From this course and from general knowledge, you also have a basic understanding
of the diversity of plants and animals, and how plants and animals and
microbes obtain water, nutrients, and food. We can clarify the parts of
an ecosystem by listing them under the headings "abiotic" and "biotic".
By and large, this set of components and environmental factors is important almost everywhere, in all ecosystems.
Usually, biological communities include
the "functional groupings" shown above. A functional group
is a biological category composed of organisms that perform mostly the
same kind of function in the system; for example, all the photosynthetic
plants or primary producers form a functional group. Membership in the
functional group does not depend very much on who the actual players (species)
happen to be, only on what function they perform in the ecosystem.
Processes of EcosystemsThis figure with the plants, zebra, lion, and so forth, illustrates the two main ideas about how ecosystems function: ecosystems have energy flows and ecosystems cycle materials. These two processes are linked, but they are not quite the same (see Figure 1).

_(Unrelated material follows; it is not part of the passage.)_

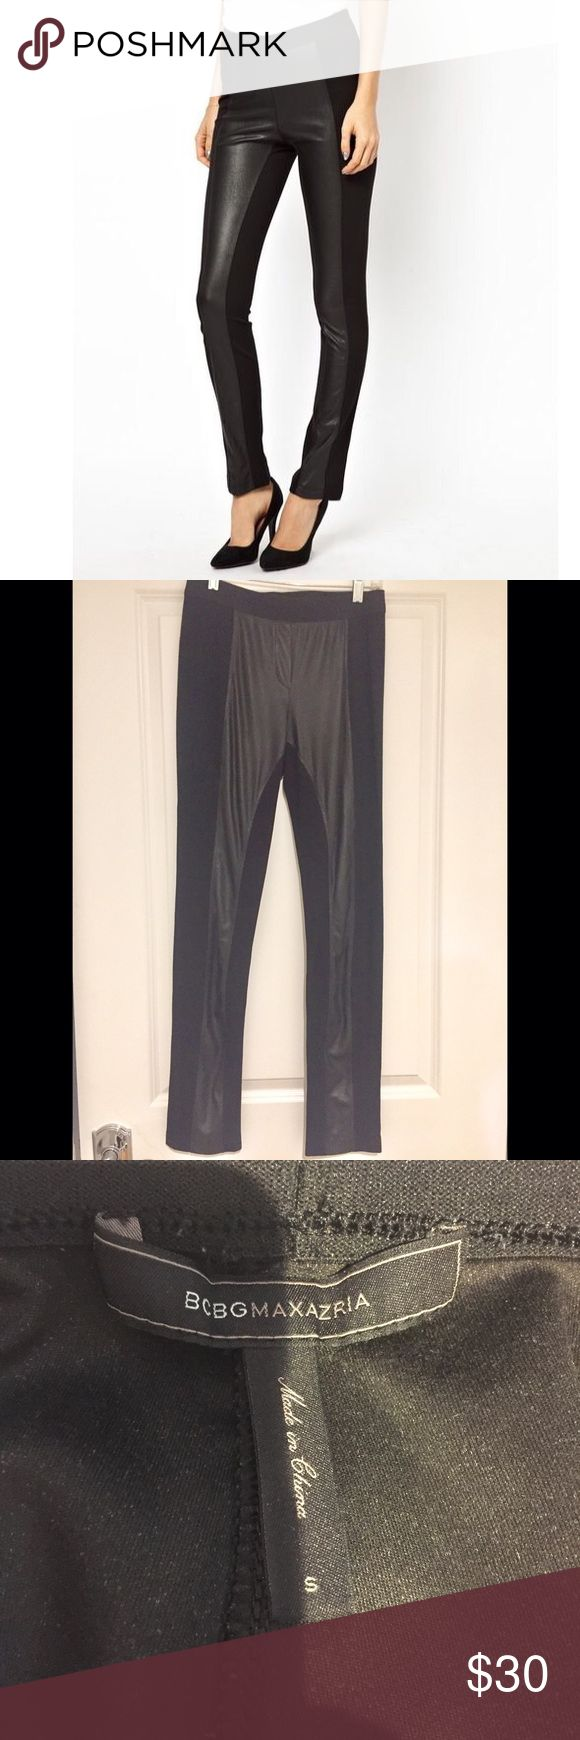 BCBG faux leather panel leggings BCBG faux leather panel leggings. Size small. BCBGMaxAzria Pants Leggings

Figure 1. Energy flows and material cycles. Energy enters the biological system as light energy, or photons, is transformed into chemical energy in organic molecules by cellular processes including photosynthesis and respiration, and ultimately is converted to heat energy. This energy is dissipated, meaning it is lost to the system as heat; once it is lost it cannot be recycled. Without the continued input of solar energy, biological systems would quickly shut down. Thus the Earth is an open system with respect to energy. Elements such as carbon, nitrogen, or phosphorus enter living organisms in a variety of ways. Plants obtain elements from the surrounding atmosphere, water, or soils. Animals may also obtain elements directly from the physical environment, but usually they obtain these mainly as a consequence of consuming other organisms. These materials are transformed biochemically within the bodies of organisms, but sooner or later, due to excretion or decomposition, they are returned to an inorganic state (that is, inorganic material such as carbon, nitrogen, and phosphorus, instead of those elements being bound up in organic matter). Often bacteria complete this process, through the process called decomposition or mineralization (see next lecture on microbes). During decomposition these materials
are not destroyed or lost, so the Earth is a closed system
with respect to elements (with the exception of a meteorite entering the
system now and then...). The elements are cycled endlessly between their biotic
and abiotic states within ecosystems. Those elements whose supply tends
to limit biological activity are called nutrients.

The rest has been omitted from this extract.